By New England Boating.

If you wanted to create the perfect blackfish habitat, you’d start with a mussel-encrusted rock bottom, pepper it with a generous number of wrecks and large boulders then harden some of the shoreline with jetties, sea walls, docks and bulkheads. Next, add an abundance of crabs, including green, calico, hermit, fiddler and Asian, and mix in a shallow gravel bottom, sloping points and deeper water just a short run from port. What I’ve just described is Long Island Sound, as well as the recipe for some of the best blackfish action on the East Coast.

Indeed, each fall the Sound hosts a blackfish fishery that draws anglers from all over the Northeast (there is a spring run, too, but it’s so tightly restricted that few anglers bother to fish it). From shallow jigging action inside the harbors and along shore to deep-water wreck fishing in currents that can require 6 to 12 ounces of weight to hold bottom, this 110-mile stretch of tautog Nirvana has it all.

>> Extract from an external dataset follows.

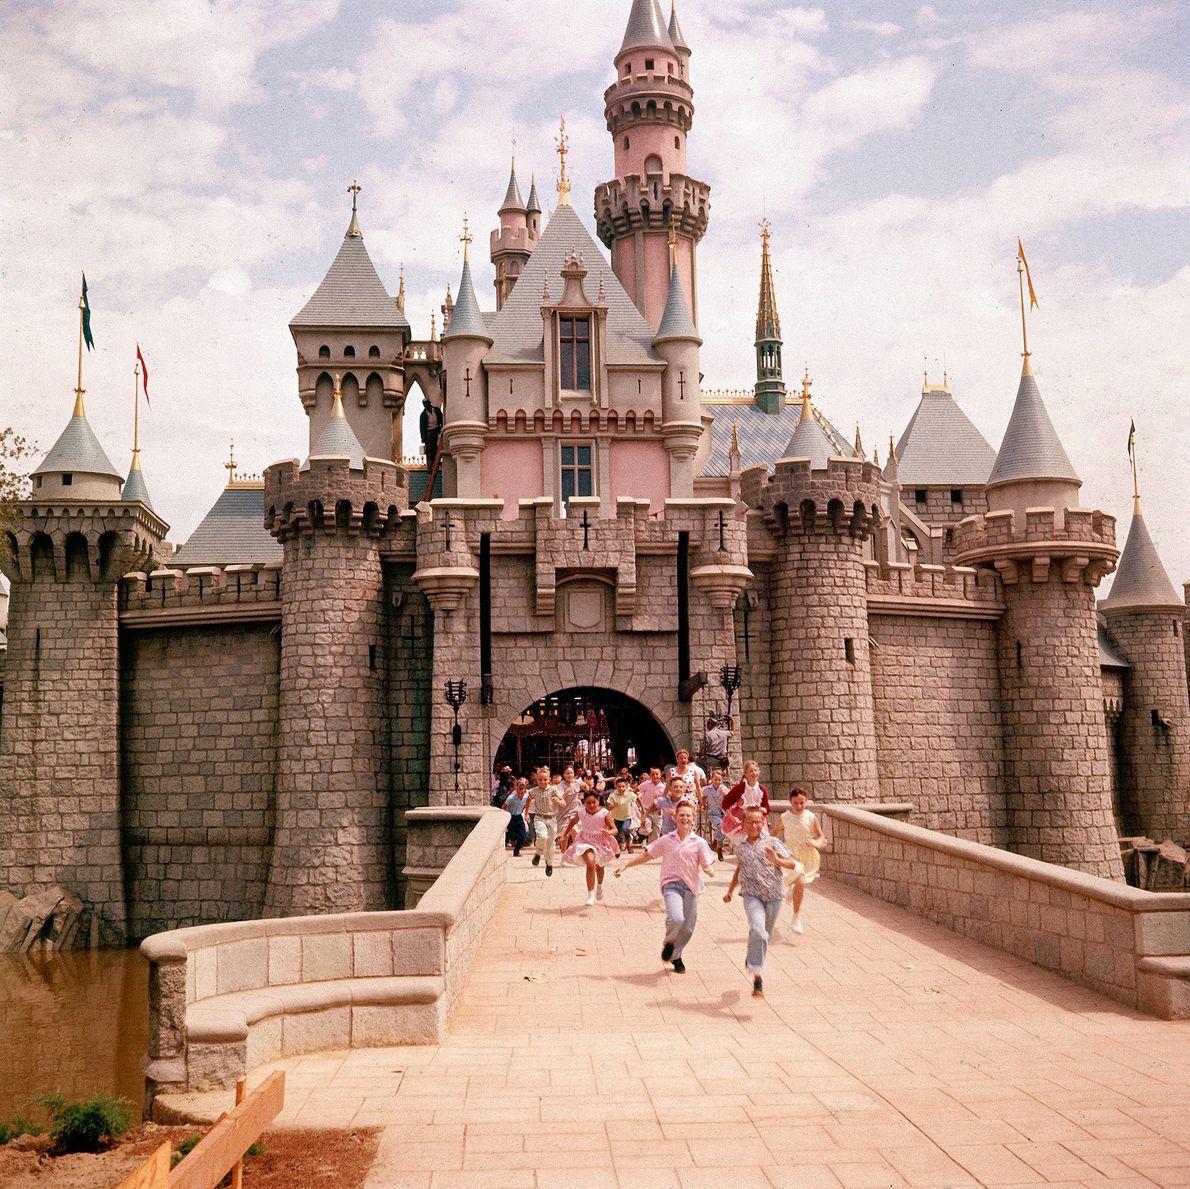 Kinder rennen durch das Dornröschenschloss im Herzen von Disneyland. Das Design des Schlosses basiert auf dem ...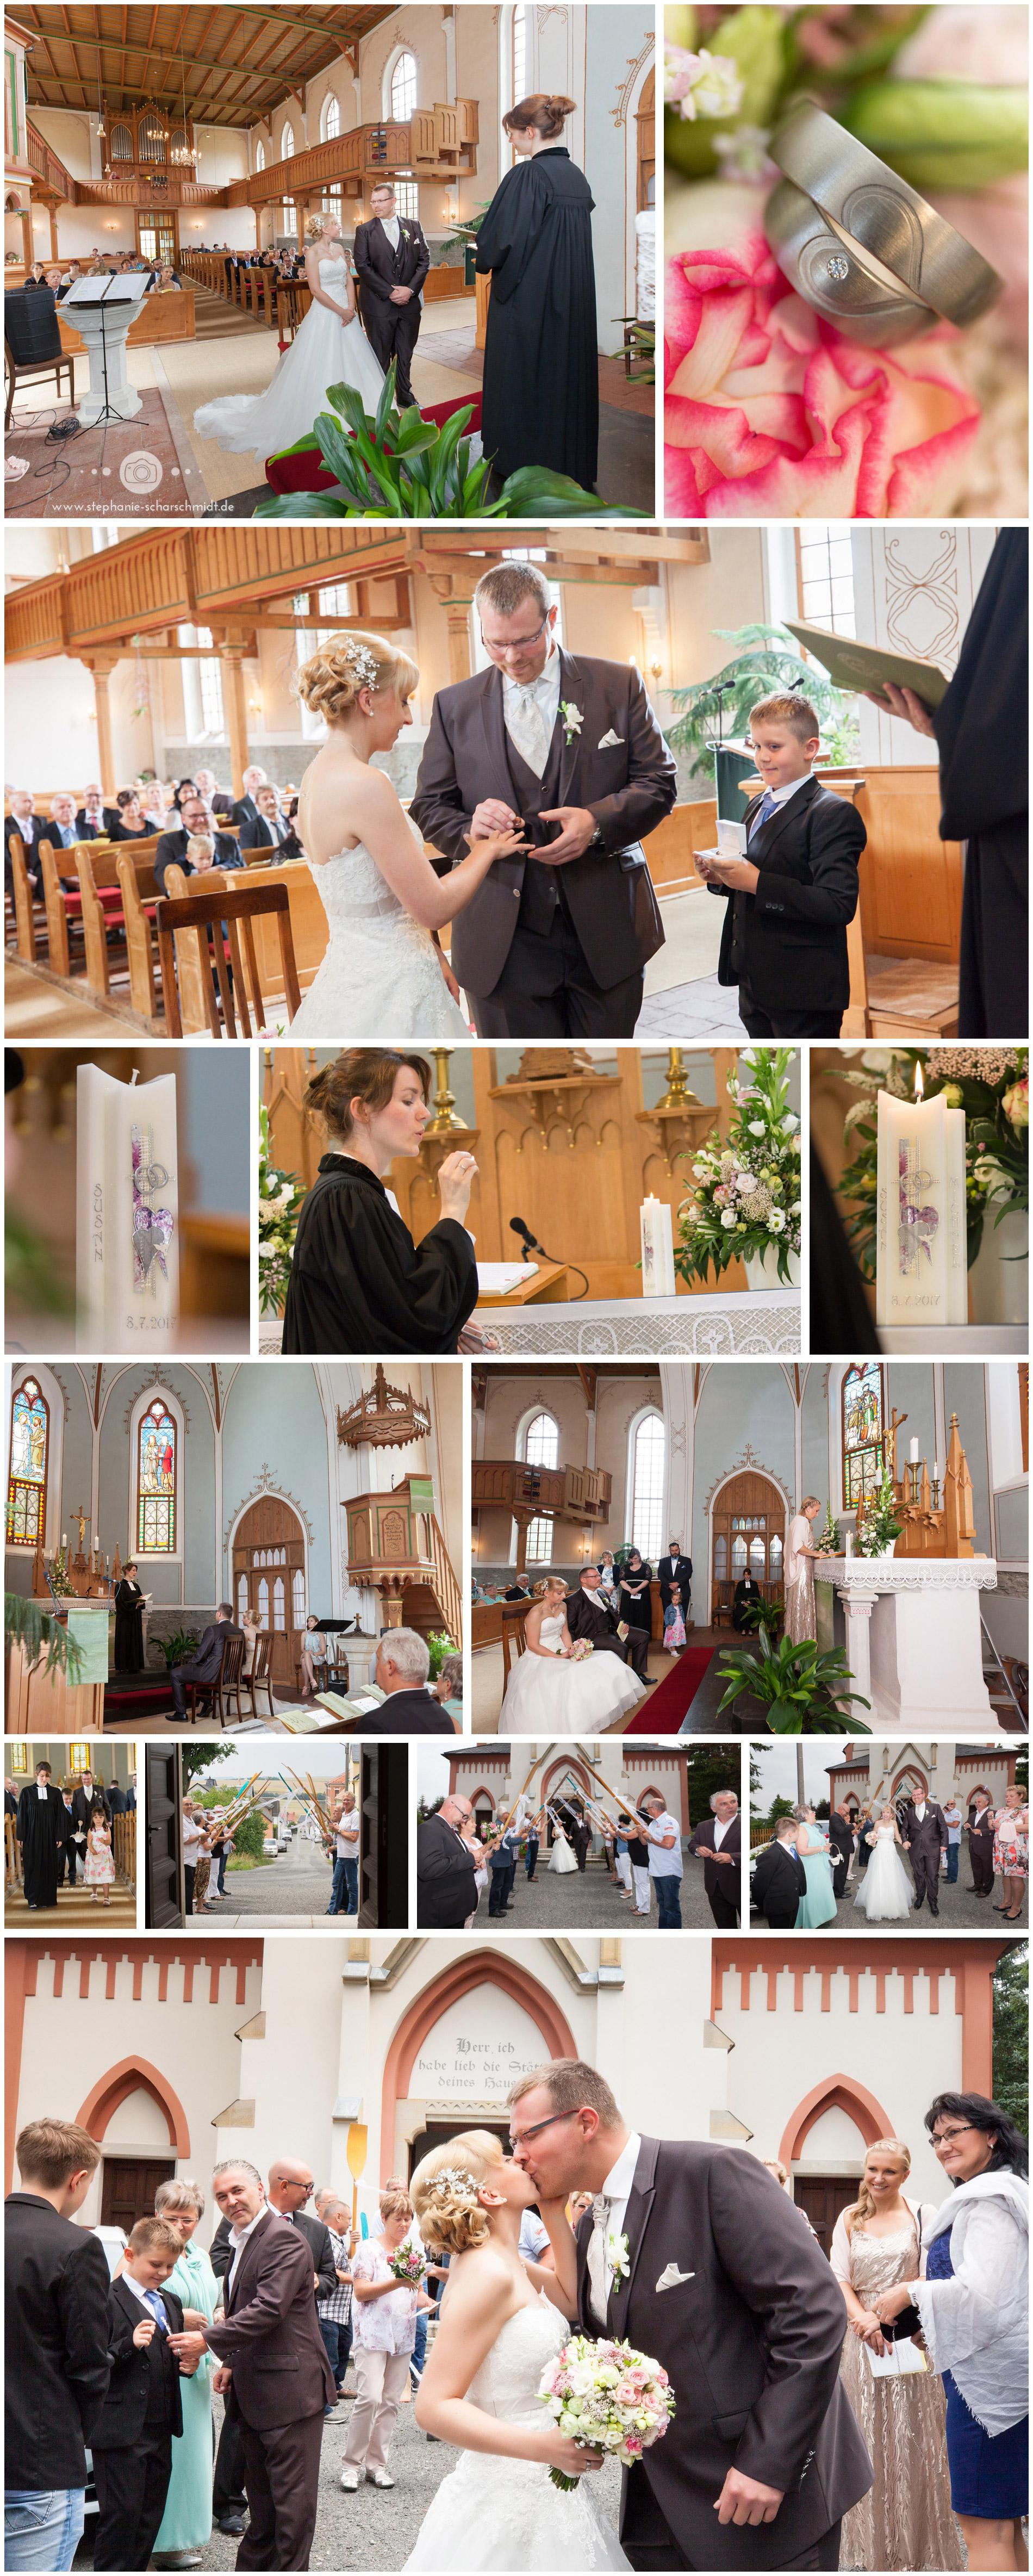 Hochzeit Evangelisch-Lutherische Kirchgemeinde St. Jakobus Reinsdorf – Fotograf Reinsdorf Stephanie Scharschmidt

“Whether you call them blackfish or ‘tog,” says Capt. Bob Wadsworth of the Sunbeam Fleet, which sails out of Waterford, Connecticut, “they taste great, fight hard and grow big in these waters.”

Wadsworth should know. It was aboard his boat two years ago that angler Tim Nguyen landed the Connecticut state record blackfish: a 26.6-pound, 34-inch brute taken near Two Tree Island in Niantic Bay on the first day of the state’s fall blackfish season. That behemoth ate a green crab in just 15 feet of water.

“Here on the eastern end of Long Island Sound, we generally fish in strong currents and often in deep water, so we favor single-hook bottom rigs with green crabs for bait. I try to keep it as simple as possible on my boat, especially with anglers who are new to blackfishing. The less specialized gear, bells and whistles, the more fish you are likely to catch.”